ERROR: no overlap files supplied
edit I'm doing some reading, seems mkfifo
does not work on drvfs
-mounted drives - and I'm running this on a drive mounted this way. However, some jobs successfully complete despite the mkfifo
not working?
Yes canu uses mkfifo by default, this seems similar to #2333, I suggest using mhapPipe=false
to avoid using pipes, you should completely remove the 1-overlapper folder and re-start the assembly. I also committed a fix for this so it will fail if mkfifo returns an error.

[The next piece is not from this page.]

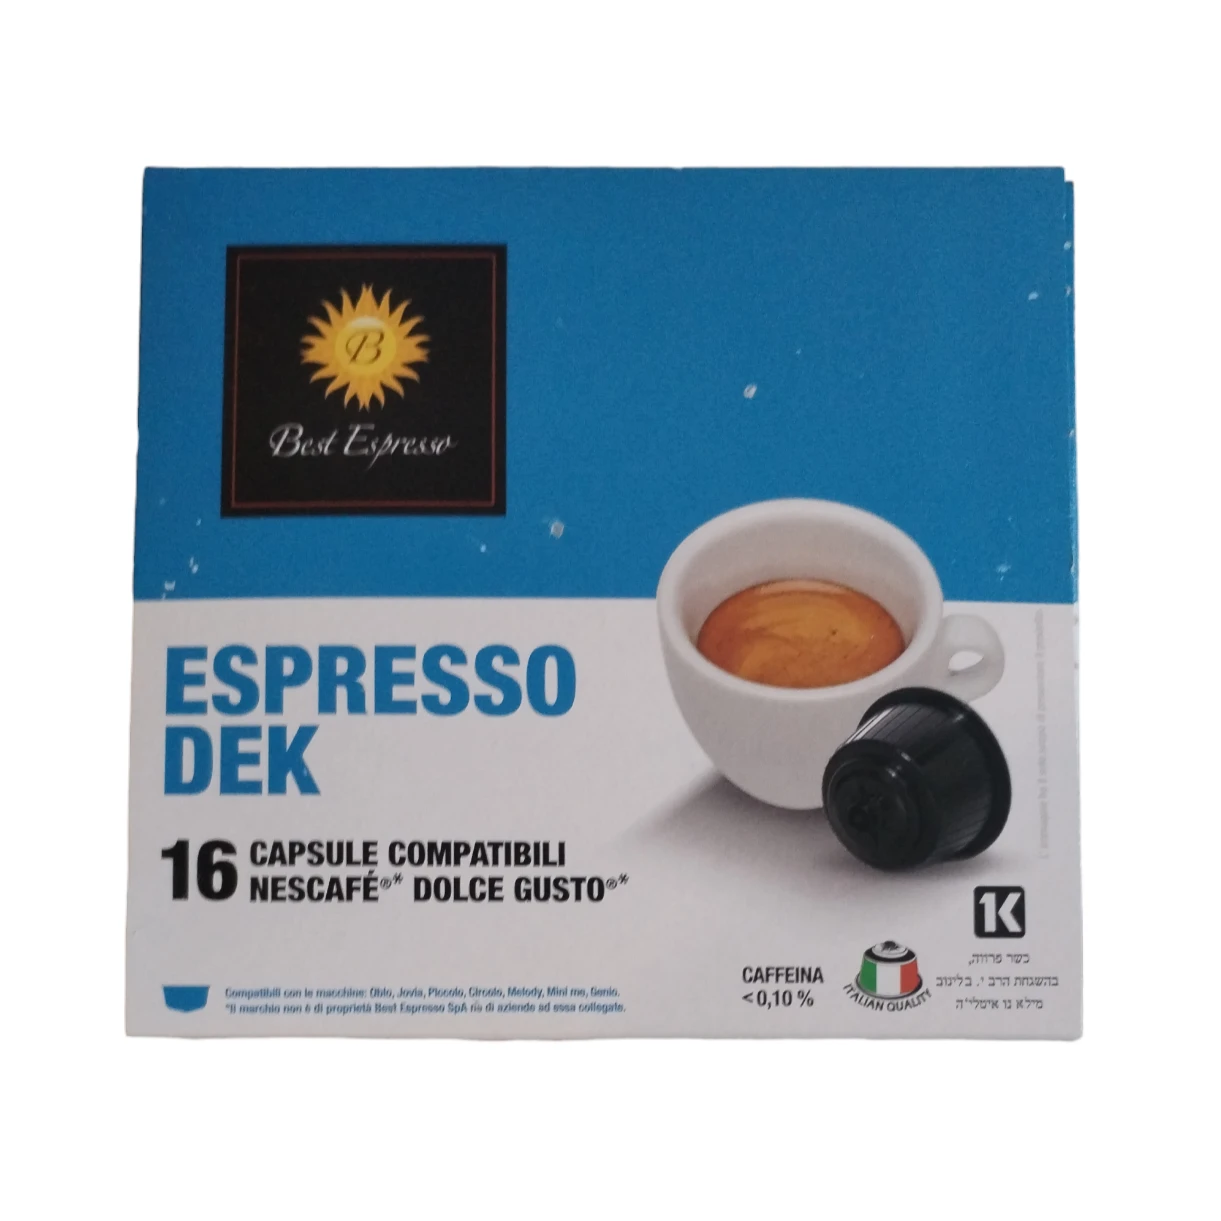 1559-espressodekaffdolcegusto-17066123843863.png

I've also confirmed that running assembly on the wsl system drive, where mkfifo
works, also prevents the error - as you'd expect.
I'm running canu on Windows subsystem for Linux, and I'm getting stochastic Mhap failures. Multiple restarts tend to narrow it down to one or two persistent Mhap failures...
...
The input nanopore reads come from Minknow super accurate basecalling, through porechop, then filtered for minimum length 10 kb - using a pipeline that's worked for other genome assemblies.
I've tried doing clean restarts, ie. completely removing the output directory and restarting, but persistently get some failures. Any tips for troubleshooting would be very appreciated.